Overusing ERROR or INFO levels makes it harder to filter during incidents. A service that logs every HTTP request at ERROR level creates noise that buries real errors.

Centralize logs with a DaemonSet agent

Do not rely on kubectl logs or node level logs in production. Deploy a log collection agent (Fluentd, Fluent Bit, Vector) as a DaemonSet to forward logs to a durable backend.

Popular agent choices:

  • Fluent Bit: lightweight, low memory footprint, good for resource-constrained nodes
  • Fluentd: more features and plugins, higher resource usage
  • Vector: Rust-based, very fast, growing ecosystem
  • Logstash: part of the Elastic stack, heavier resource footprint

The agent should:

  • Parse logs into structured fields
  • Enrich logs with Kubernetes metadata (pod name, namespace, labels)
  • Buffer logs locally during backend outages to prevent loss
  • Forward logs to your chosen backend (Elasticsearch, Loki, Splunk, CubeAPM, etc.)

Implement log retention policies

Storing every log message forever is expensive and often unnecessary. Define retention periods based on compliance requirements and operational needs:

  • Application logs: 30–90 days for most use cases
  • Audit logs: 1–7 years depending on industry regulations
  • Debug logs: 7–14 days (or disabled in production)

Logging backends like CubeAPM, Elasticsearch, and Loki support automatic log deletion or archival after a defined period. Configure retention at the index or namespace level to match your requirements.

Monitor log volume and agent resource usage

High log volume can overwhelm your logging backend or exhaust node disk space. Monitor:

  • Log ingestion rate (MB/s or events/s) per namespace and pod
  • Log agent CPU and memory usage on each node
  • Backend ingestion lag — how far behind is the backend in processing logs

Set alerts for abnormal log volume spikes. A sudden 10x increase in log volume often indicates a bug (infinite loop, verbose error logging) rather than legitimate traffic growth.

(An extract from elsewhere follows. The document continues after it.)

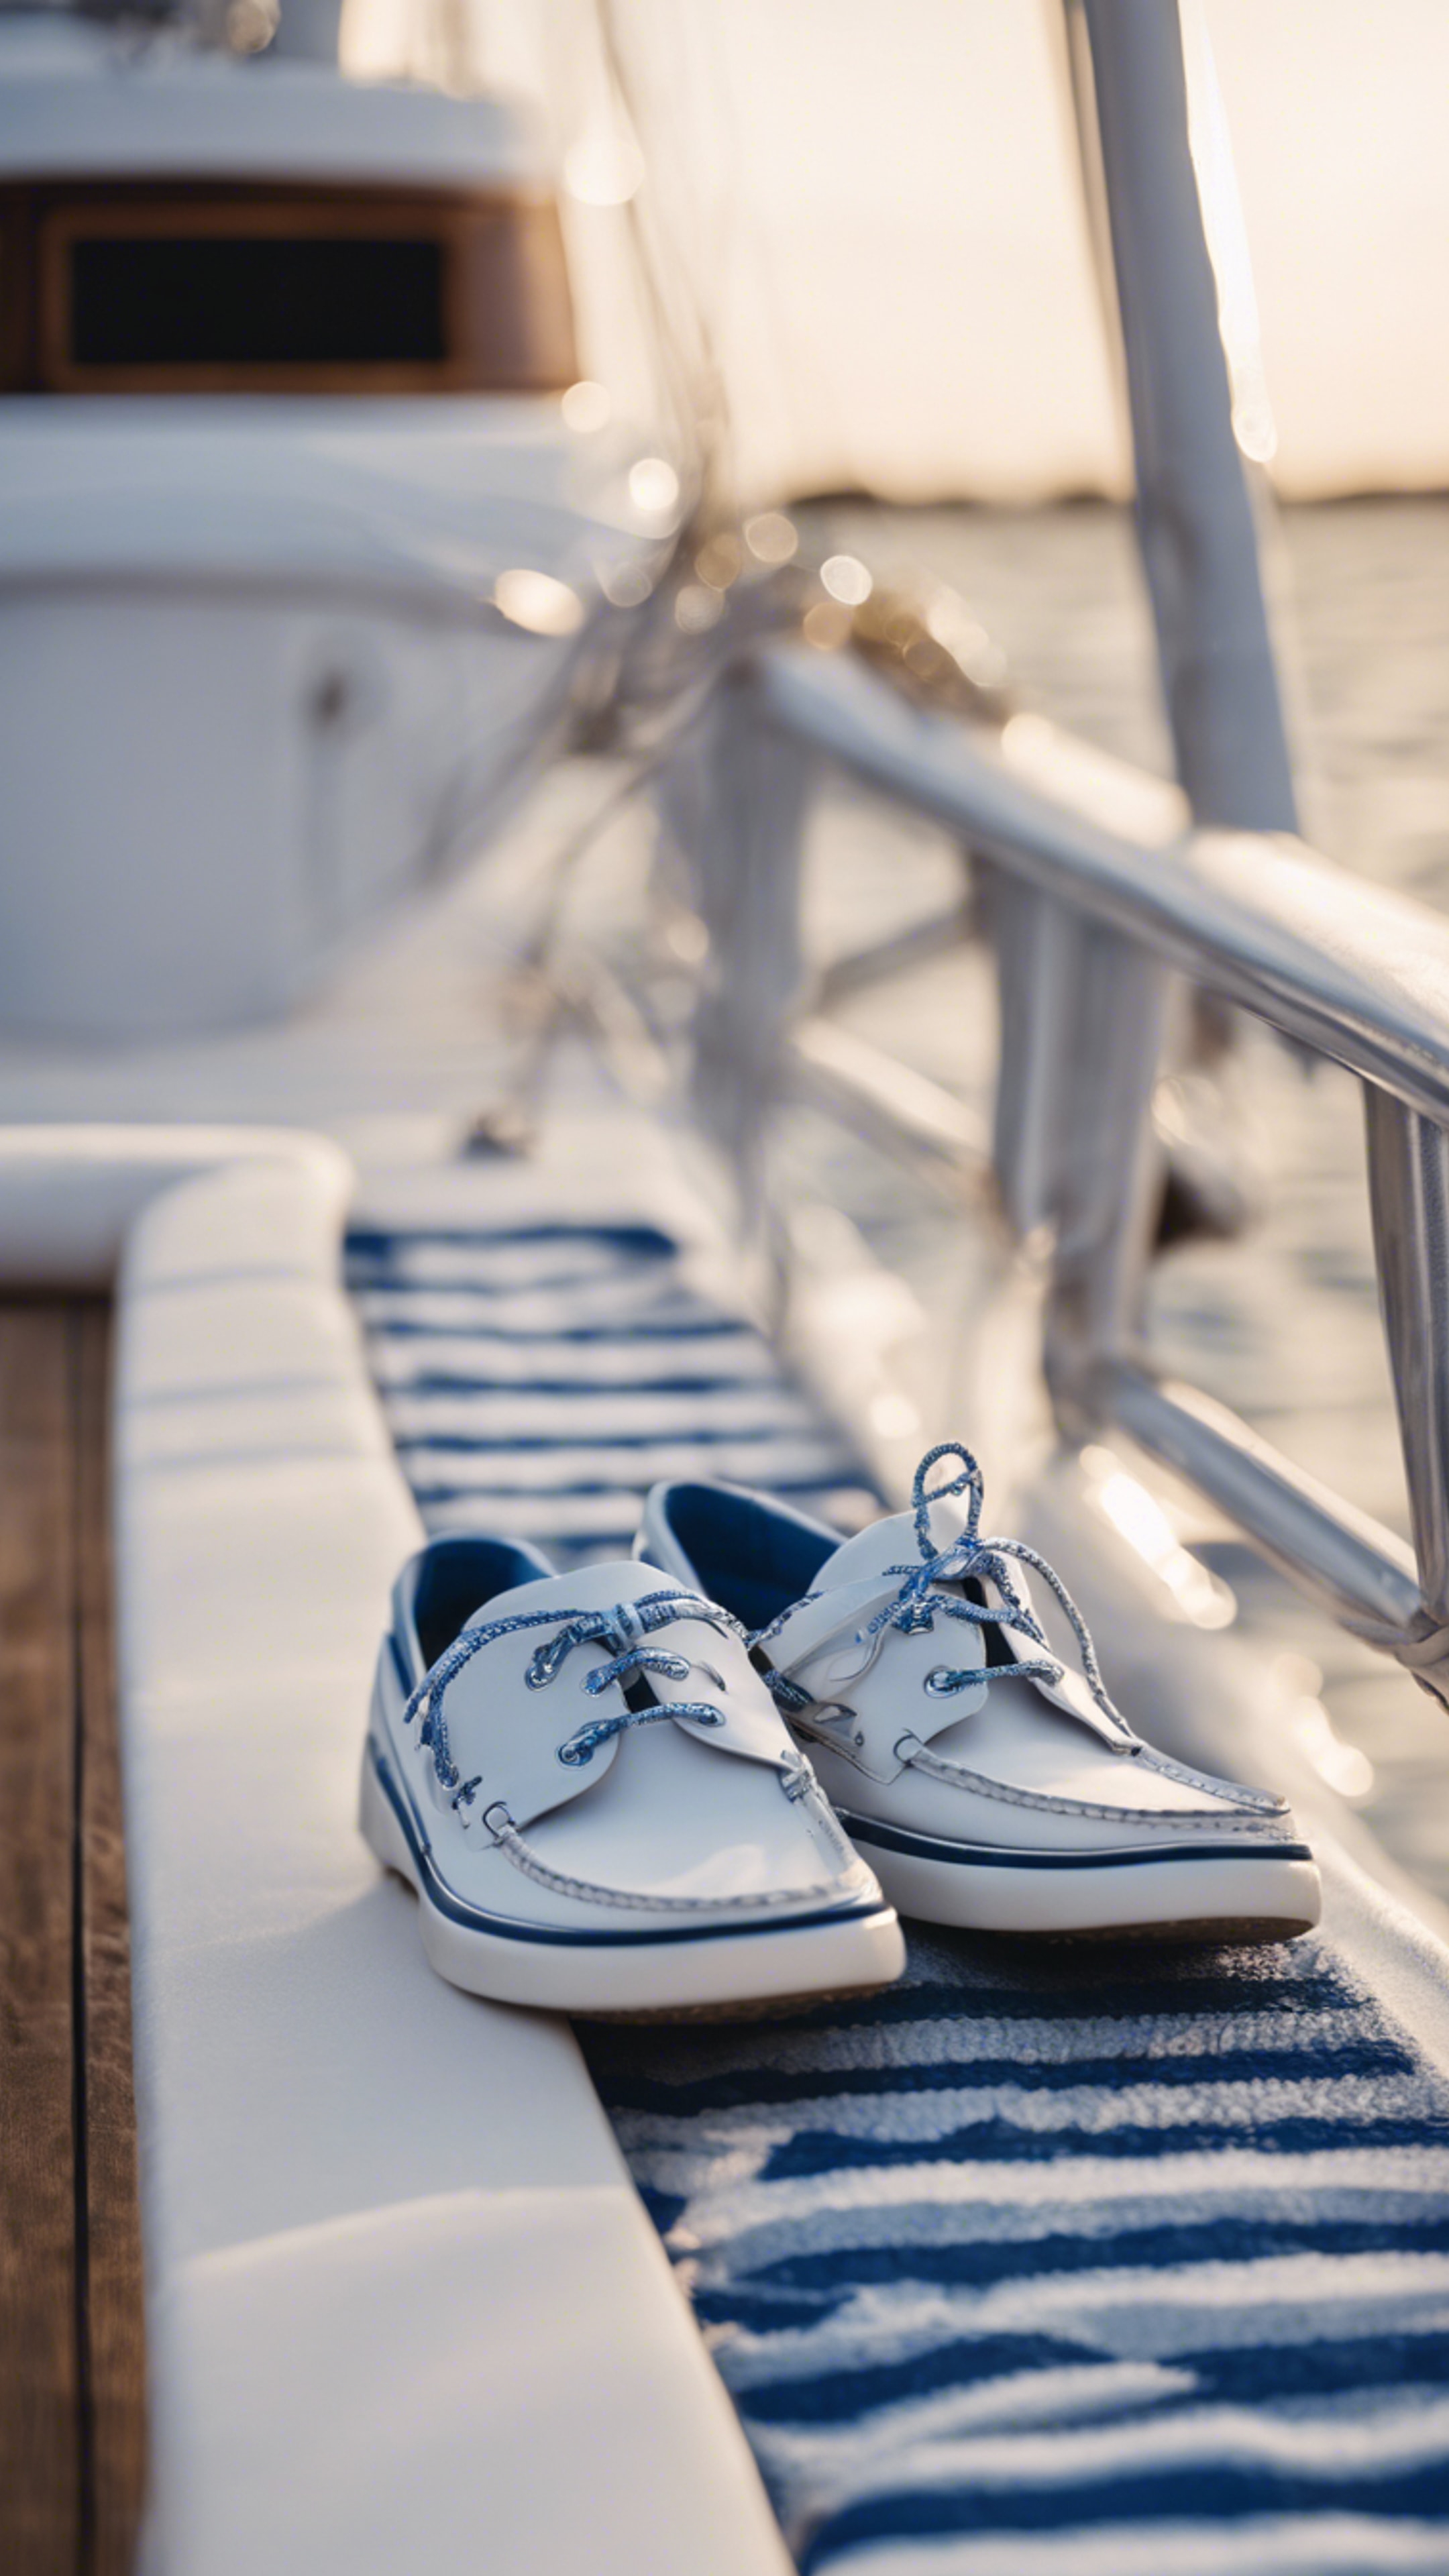 A pair of blue and white boat shoes resting on a yacht deck, reflecting preppy fashion. Papel de parede[e5e4a620cbd541dd8bee]

Avoid logging sensitive data

Never log personally identifiable information (PII), passwords, API keys, credit card numbers, or other sensitive data. If a log message must include sensitive context, redact or mask it before emission.

Example:

Bad:

json

{“level”:”info”,”message”:”User login”,”email”:”[email protected]”,”password”:”plaintextpassword123″}

Good:

json

{“level”:”info”,”message”:”User login”,”email”:”[email protected]”,”auth_method”:”password”}

Many logging tools support automatic PII redaction, but it is better to prevent sensitive data from being logged in the first place.

Correlate logs with metrics and traces

Logs are one signal in a full observability stack. Correlating logs with metrics and distributed traces speeds up root cause analysis during incidents.

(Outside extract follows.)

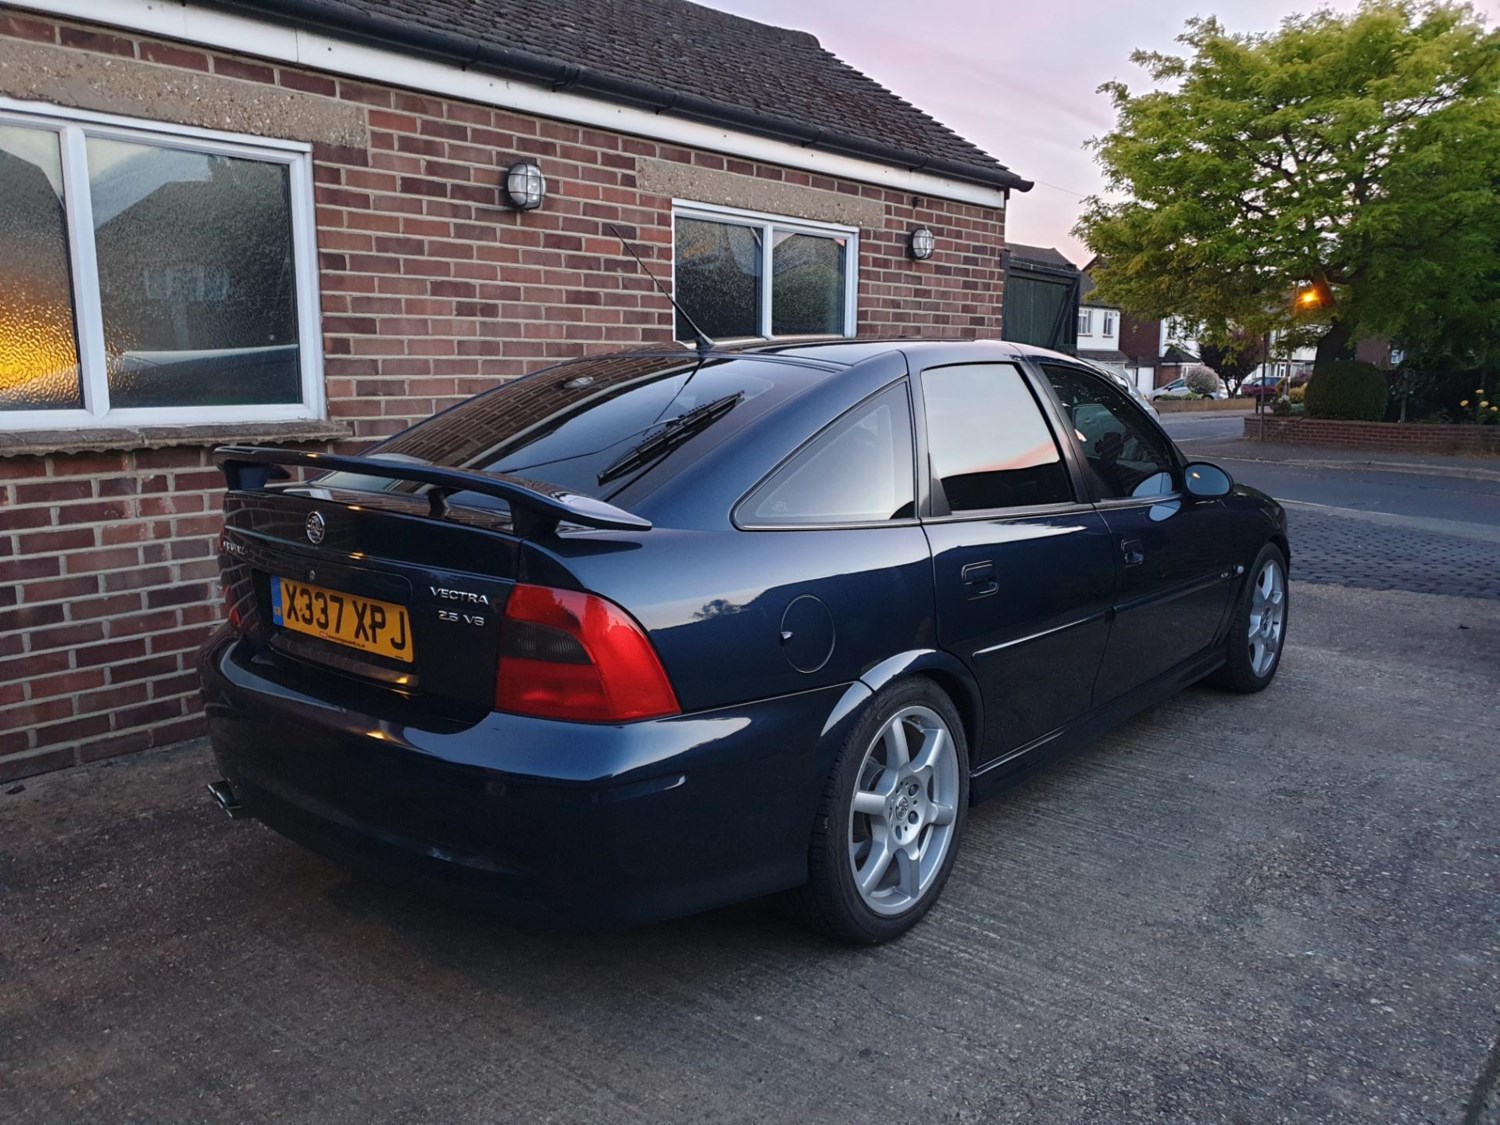 2000-vauxhall-vectra-gsi-for-sale-ccfs

For example, when a spike in HTTP 500 errors appears in your metrics dashboard, clicking into the metric should surface related error logs and traces for the same time window. Tools like CubeAPM, Datadog, and Grafana support this correlation natively.

Kubernetes Logging Tools and Implementation

Choosing the right Kubernetes logging tool depends on your deployment model (SaaS vs. self-hosted), data residency requirements, log volume, and budget. This section compares centralized logging backends commonly used with Kubernetes.

CubeAPM

CubeAPM is a self-hosted observability platform that combines logs, traces, metrics, and Kubernetes monitoring in one unified backend. It runs inside your VPC or on-prem, so logs never leave your infrastructure.

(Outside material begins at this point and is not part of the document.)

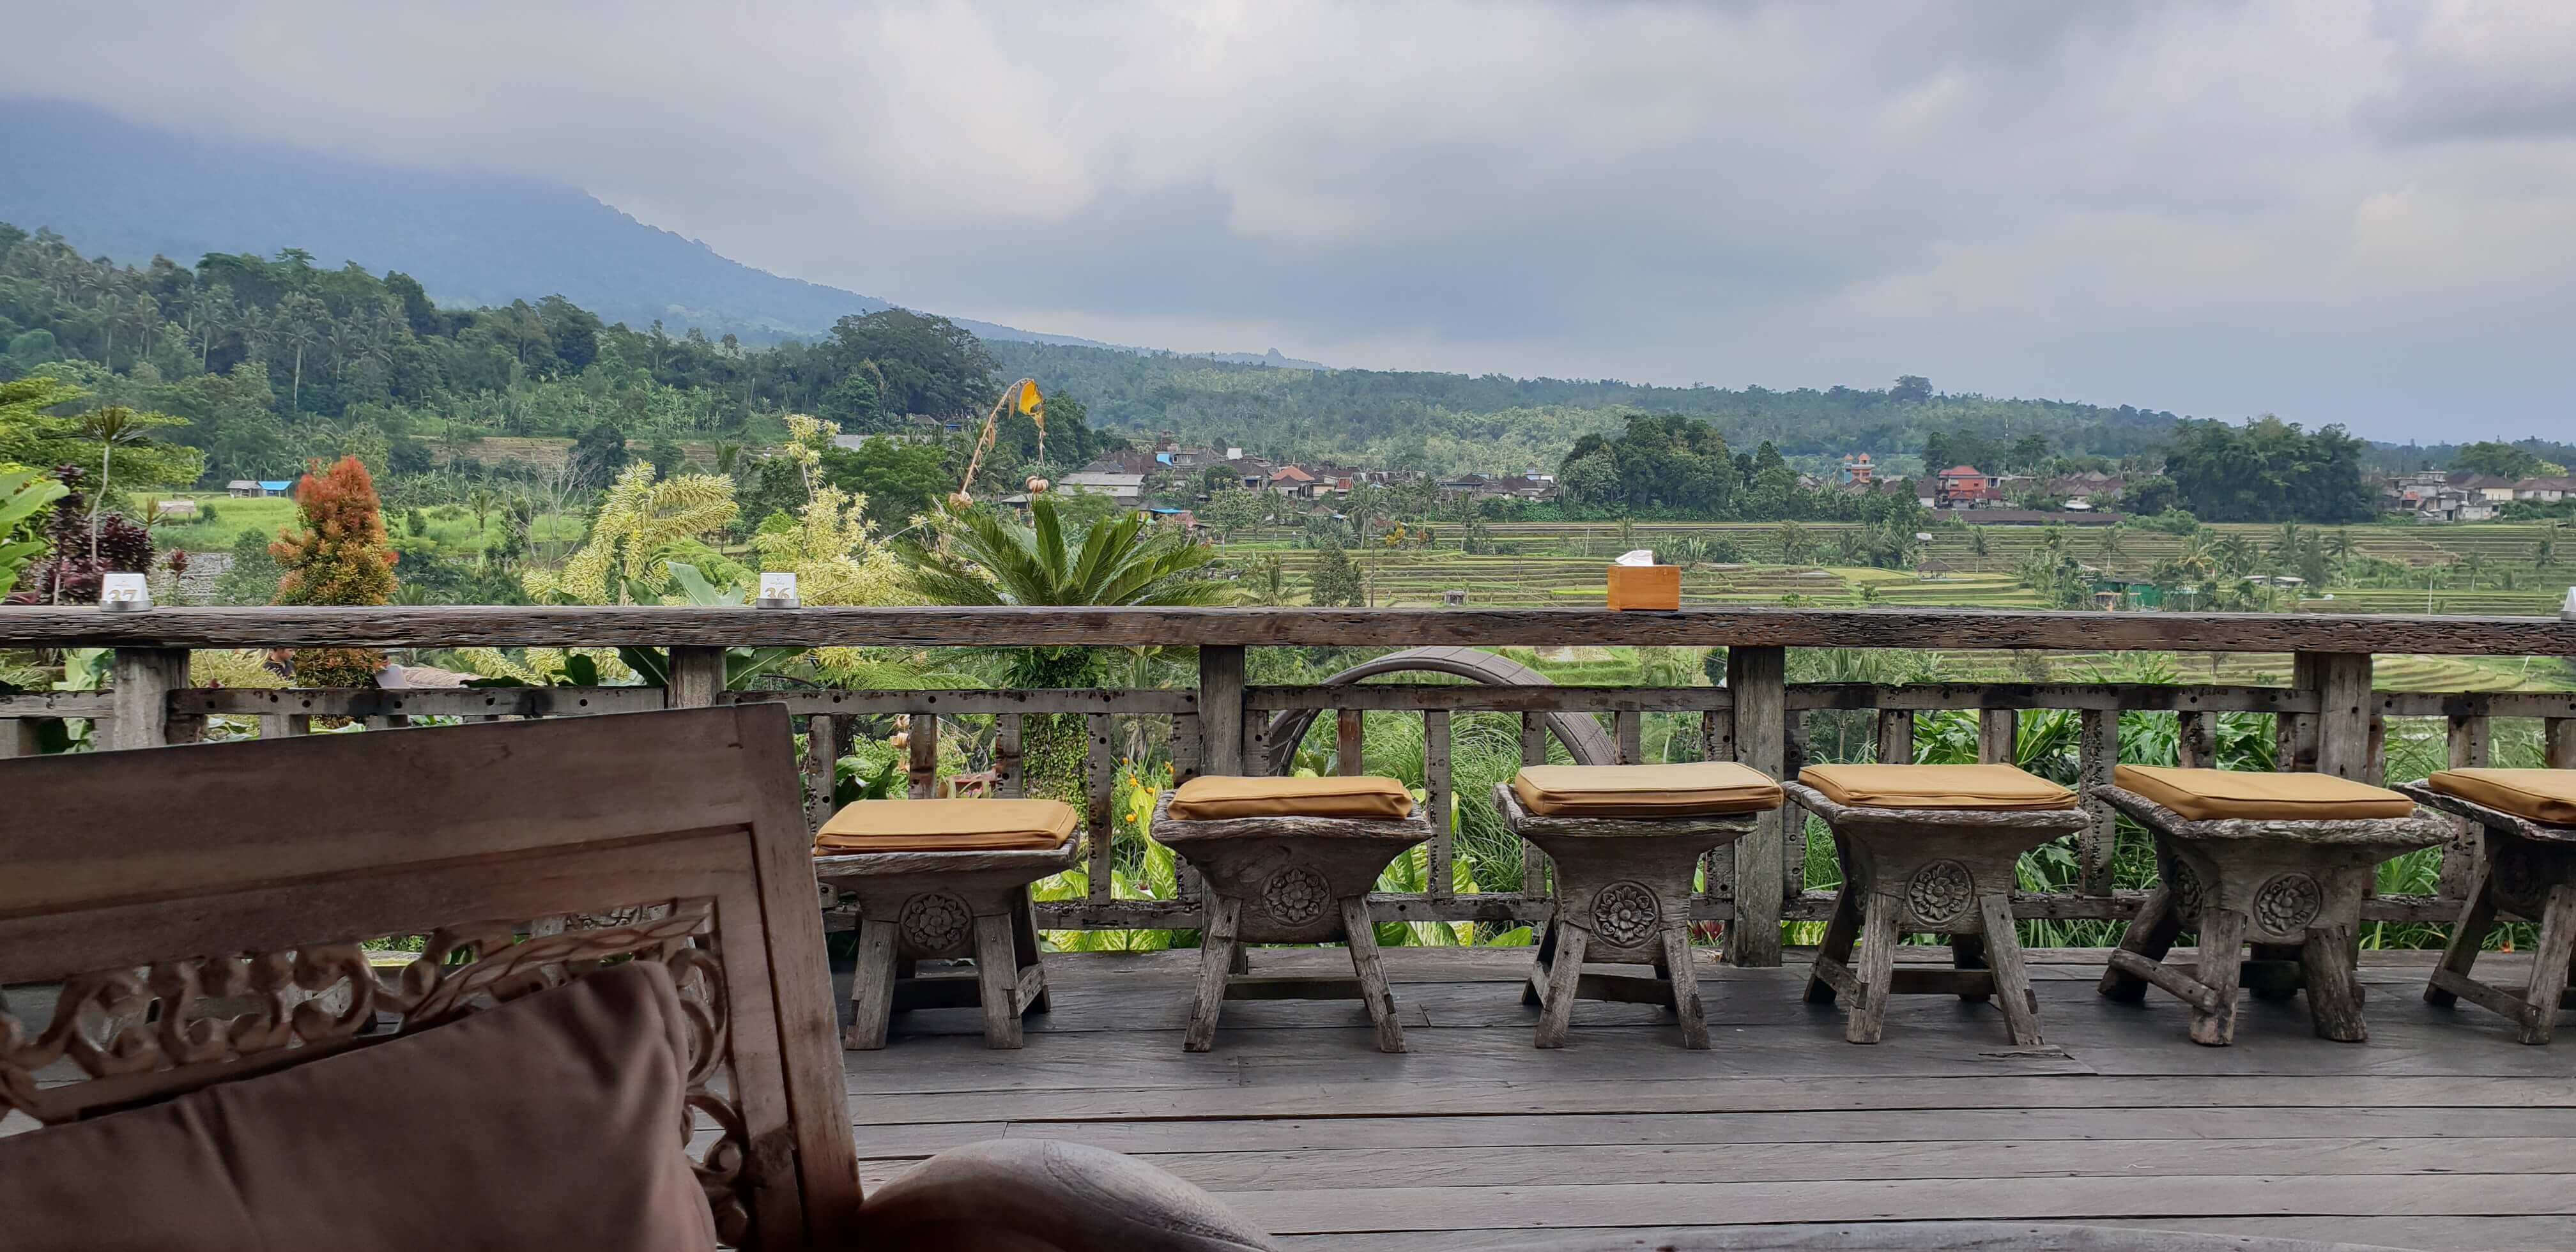 Gong Jatiluwih is the best place to enjoy a good meal with a scenic view. In my entire 10 day Bali stay, I had one of the best culinary experiences here.

Pricing: $0.15/GB ingested, unlimited retention, no per-user fees Deployment: Self-hosted (managed by CubeAPM), runs on your infra OpenTelemetry: Native support Best for: Teams that need centralized logs + APM + Kubernetes monitoring in one platform with full data control

CubeAPM uses a DaemonSet-based log collector (compatible with Fluent Bit and OpenTelemetry Collector) to ship logs from every node. Logs are automatically enriched with Kubernetes metadata (pod name, namespace, labels) and indexed for fast search. Because it runs on your infrastructure, there are no cloud egress fees when shipping logs from AWS, GCP, or Azure clusters.

Unlike SaaS logging tools, CubeAPM does not charge separately for log ingestion, indexing, and retention. The $0.15/GB rate includes all three. A 50-node AKS cluster generating 10TB of logs monthly costs $1,500/month with CubeAPM vs. $8,000–$12,000/month with Datadog or Splunk when factoring in ingest, index, and egress fees.

Elasticsearch and Kibana (ELK stack)

Elasticsearch is a search and analytics engine commonly used as a log storage backend. Kibana provides the visualization and query UI. Logs are shipped to Elasticsearch using Logstash, Fluentd, or Fluent Bit.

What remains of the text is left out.